We have the chance to do something great.
Recently in this space, I wrote about my new documentary project, Witness: the Story of Whittaker Chambers.
Chambers was an American author who joined the communist party in the 1920s. He worked his way into the underground and passed secrets to the Soviets. He then left the party in 1938 and became an editor at Time magazine. After World War II, Chambers saw the threat that the Soviet Union posed to the West, and he fingered Alger Hiss, a well-known government official, as a communist. The resulting trial was one of the most explosive and controversial in American history.
Yet the story of Whittaker Chambers is about much more than geopolitics and espionage. It's about the human soul.
When Chambers published his 1952 autobiography Witness, it was highly praised, even as some people, even a few conservatives were puzzled. Why was Chambers talking so much about God? Witness was about not only communism, but what happens when people, even Western people, sever their connection to God. He argued for the value of limits and human suffering, things that even some conservatives forget about. Chambers also warned those on the right not to work with Senator Joe McCarthy.
I have formed a production company, Right Hammer Films, and our first project, if we can get it off the ground, will be the story of Whittaker Chambers.
His story is the most compelling to have never made it to the screen. This is largely due to the liberal tilt in Hollywood and the rest of the arts culture.
Chambers once wrote this: "The simple fact is that when I took up my little sling and aimed at Communism, I also hit something else. What I hit was the forces of that great socialist revolution, which, in the name of liberalism, spasmodically, incompletely, somewhat formlessly, always in the same direction, has been inching its ice cap over the nation for two decades. ...[T]hough I knew it existed, I still had no adequate idea of its extent, the depth of its penetration or the fierce vindictiveness of its revolutionary temper, which is a reflex of it struggle to keep and advance its political power."

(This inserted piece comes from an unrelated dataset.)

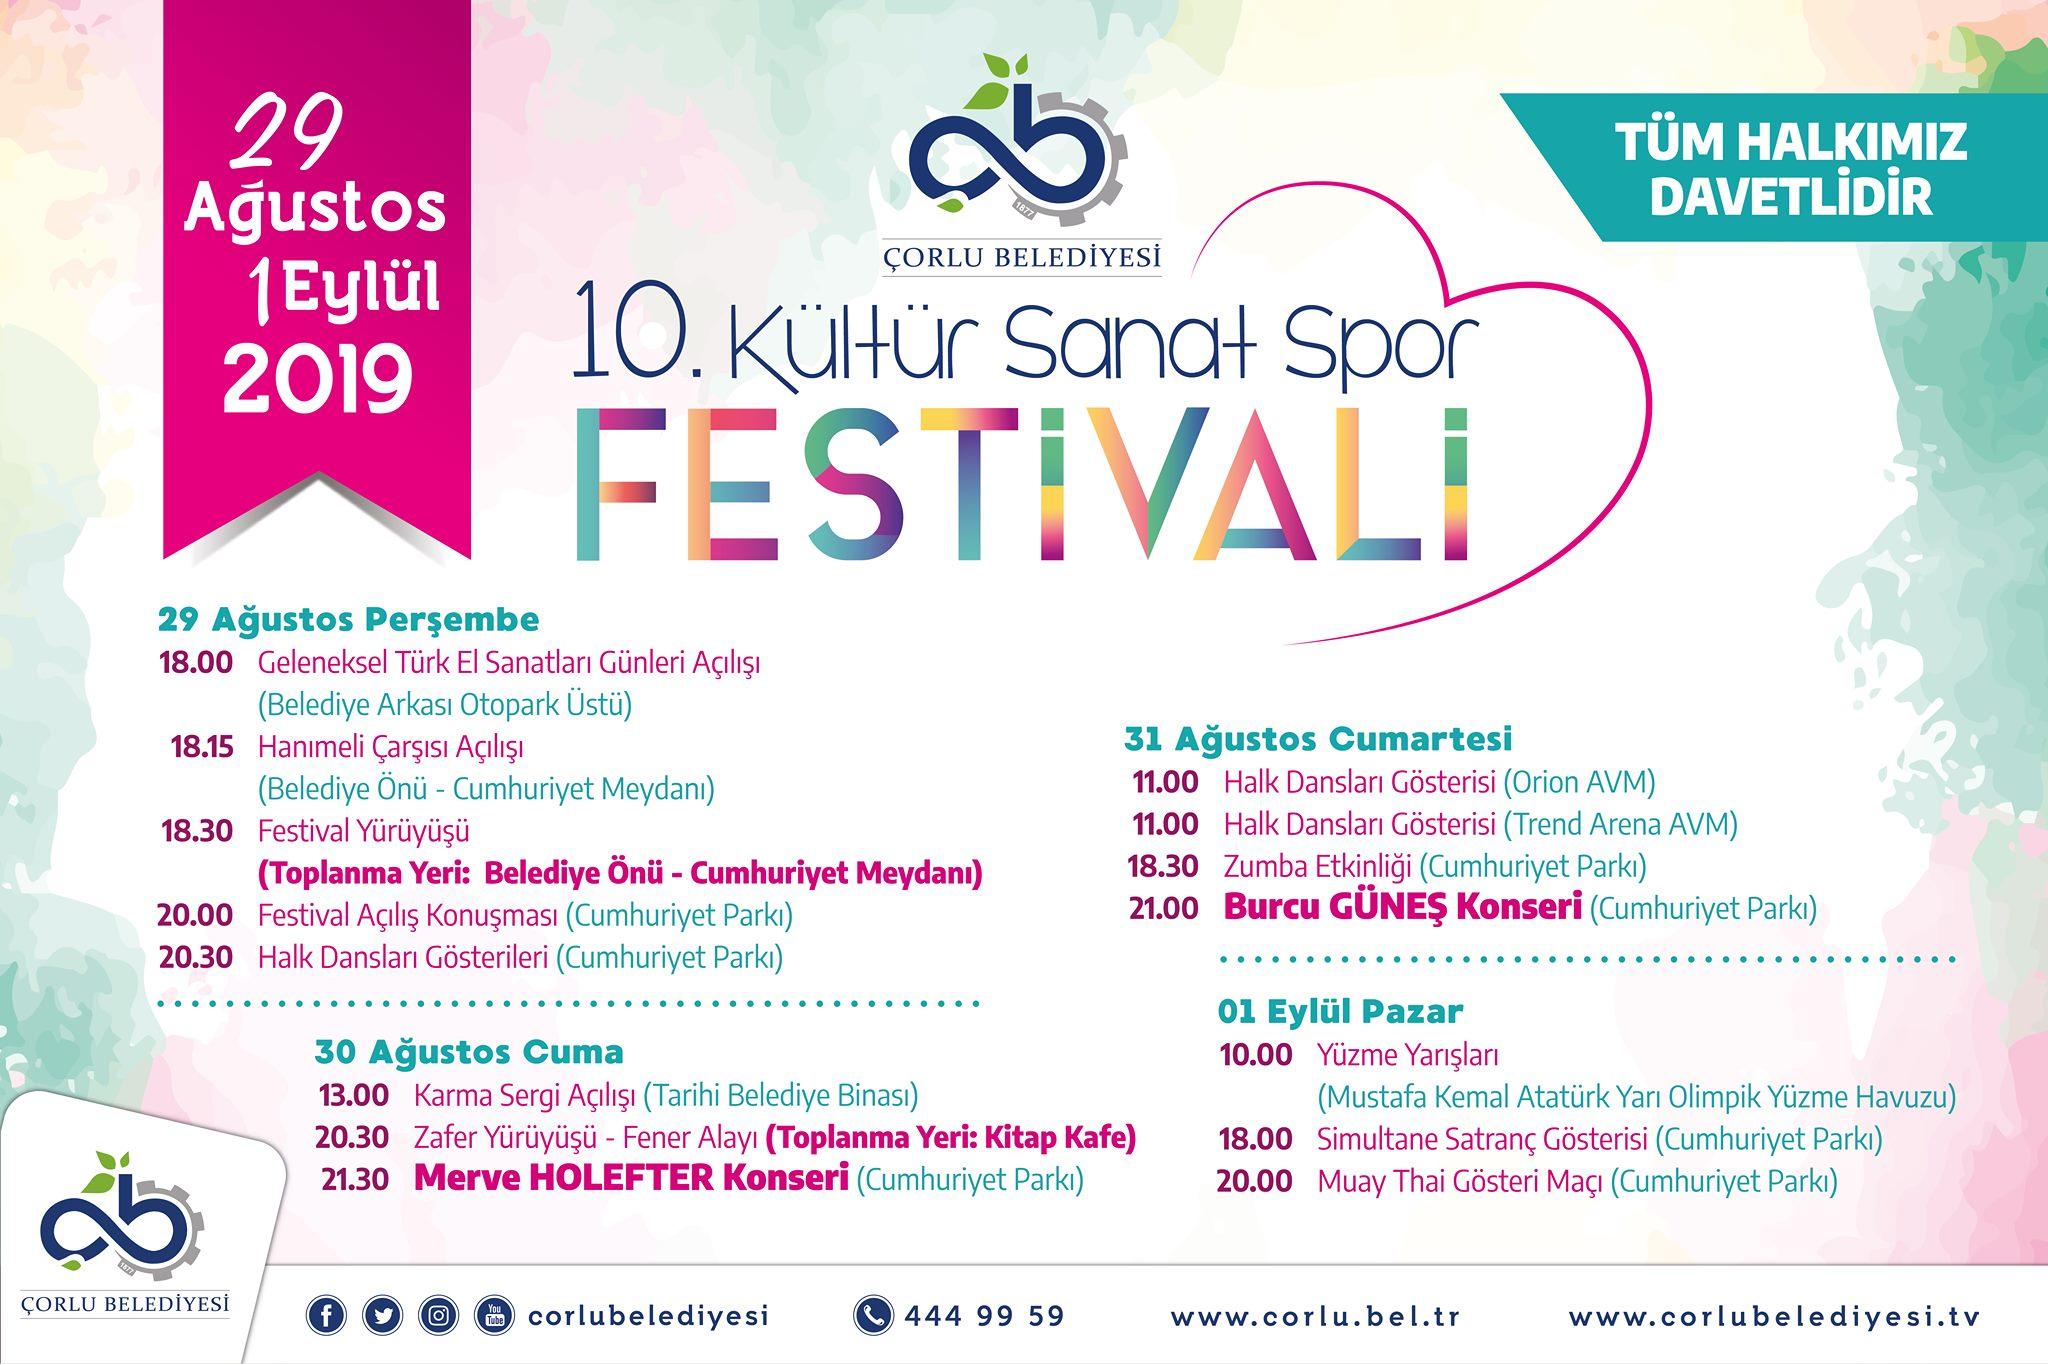 10. Kültür, Sanat ve Spor Festivali Başlıyor

This is not a story that Hollywood, or the mainstream media, is eager to tell.
The good news is that we live in an age of technological marvels -- marvels which have allowed conservatives to level the playing field with the media, and perhaps even Hollywood.
In 1989 Michael Moore made Roger & Me for $200,000. Today you could make a documentary for a fraction of that -- and it would not only be more intellectually honest but look a lot better. In the 1980s punk rock pioneered the Do It Yourself (DIY) ethic. Bands, many of whom would go on to become famous and produce masterpieces, created their one records, their own packaging, their own labels. The technology has gotten to the point where independent filmmakers can compete with the major studios.

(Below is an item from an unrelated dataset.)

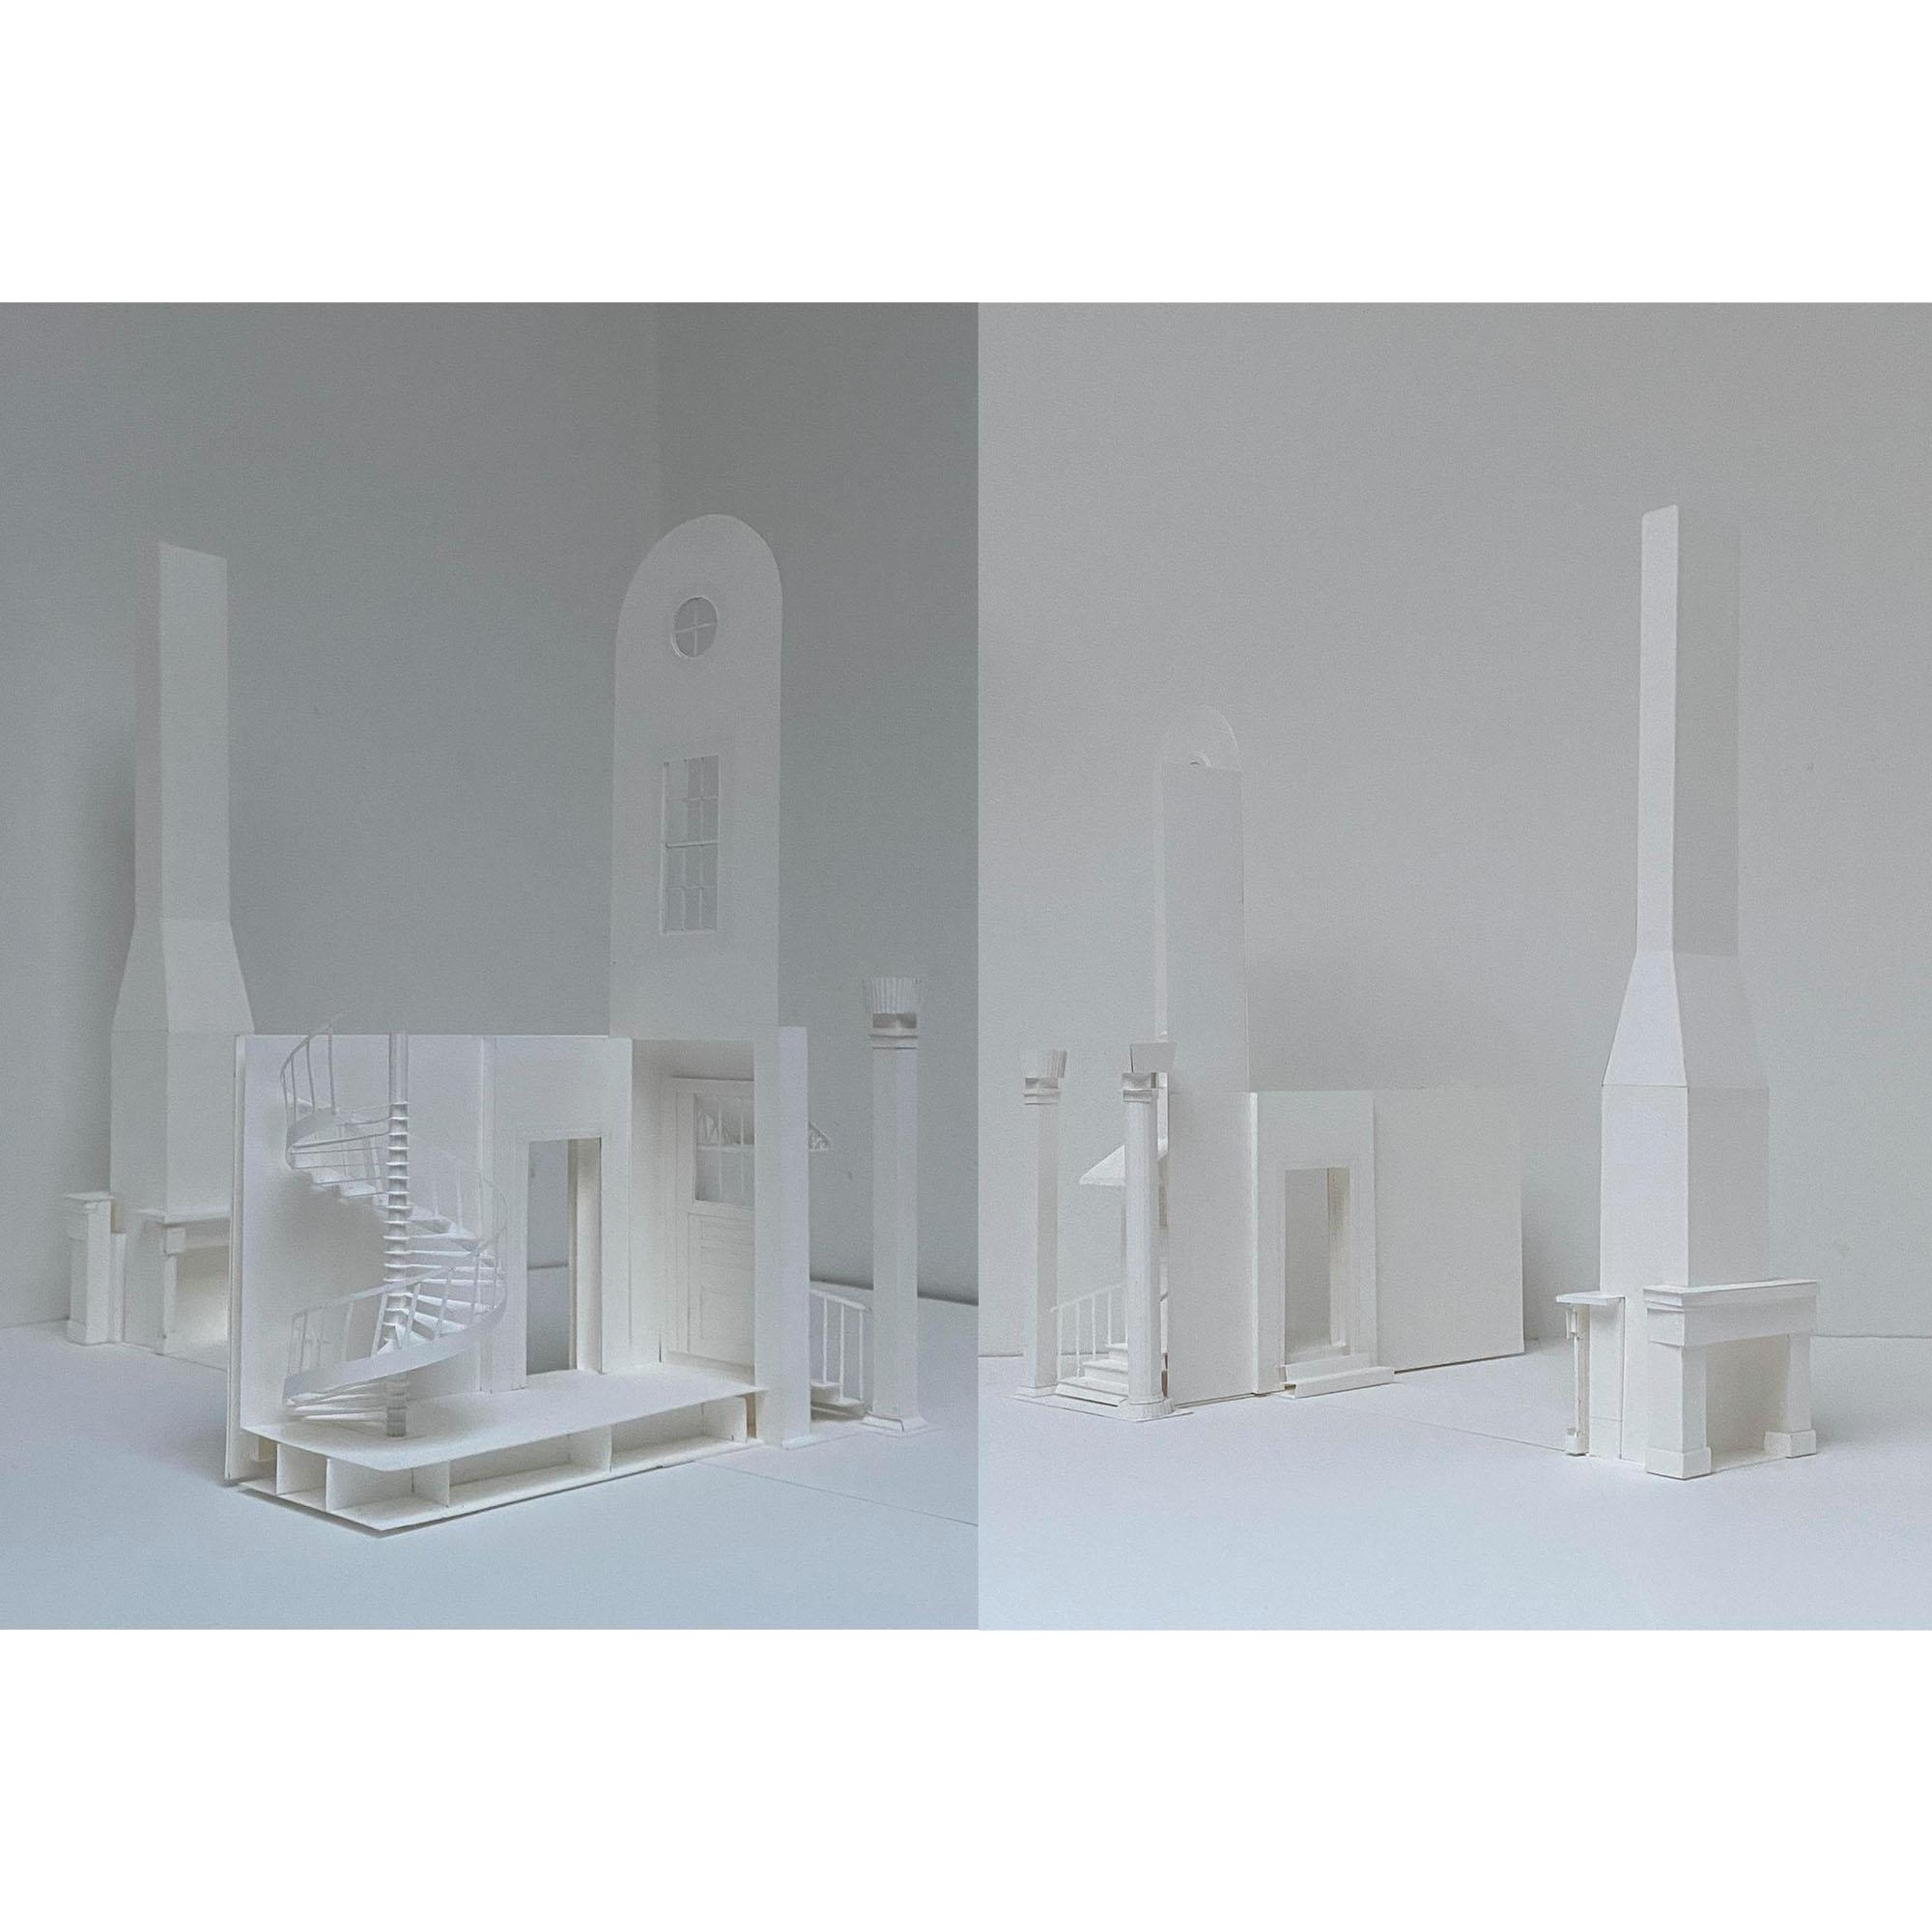 minne_maquette-beeld

The 2007 independent film Paranormal Activity was made for $10,000. The film has earned $300 million.
It is in that independent spirit that I have formed Right Hammer Films. I named it for the rightward tilt the films will have, and also partly out of my love of Hammer Films, the British studio that produced, for small budgets, fantastic horror movies in the 1950s and 1960s. Our first project will be Witness: the Story of Whittaker Chambers. We are attempting to raise $20,000 to make this happen. You can find the Kickstarter page for the project here.
The expenses are for an upgrade to my filmmaking equipment, the contract for a colleague who is a professional documentary filmmaker, promotion and some travel costs. Most of the action will take place in my hometown of Washington, D.C., so the expense there should be small.
In the last few years if not decades, conservatives have been complaining about Hollywood and the culture, and with good reason. But the fact is, the technology has almost leveled the playing field.
If you want to have nightmares, then do a thought experiment: imagine that Al Gore had never invented the internet. Imagine the media was still comprised of three networks and three major newspaper. Imagine the list of things we would never know about.
A small example: a few years ago, the Washington Post ran a story about Alger Hiss, the man Whittaker Chambers named as a spy. The story claimed that Hiss had been exonerated; in fact he had been convicted of perjury. I uploaded a YouTube video pointed out as much. Within two hours the Post had put a correction on the story.
Twenty years ago I would have mailed a letter to the editor -- a letter which would have never been published.
Imagine a world with no Drudge, no Breitbart, no Daily Caller, no RealClearReligion.
The truth is, the world has changed. It's on us now. We can keep complaining, and indeed should complain when there are things to complain about. But we should also be proactive.
We're not talking about sinking tens of millions of dollars into a project that may never make back its investment. We're talking about creating something beautiful subtle and long-lasting. Imagine in 50 or 100 years, there's a school kid who is being tortured by some politically correct professor. The professor makes a passing and sneering reference to Whittaker Chambers. The student goes to YouTube or Vimeo and finds a film about Chambers. And it's not junk. He begins to change his thinking, and challenge his indoctrination at school.
For that moment alone 200 people should be able to write $100 checks.
Of course, we aren't opposed to shooting past our goal. Maybe we can get Sarah Palin or the Koch brothers involved.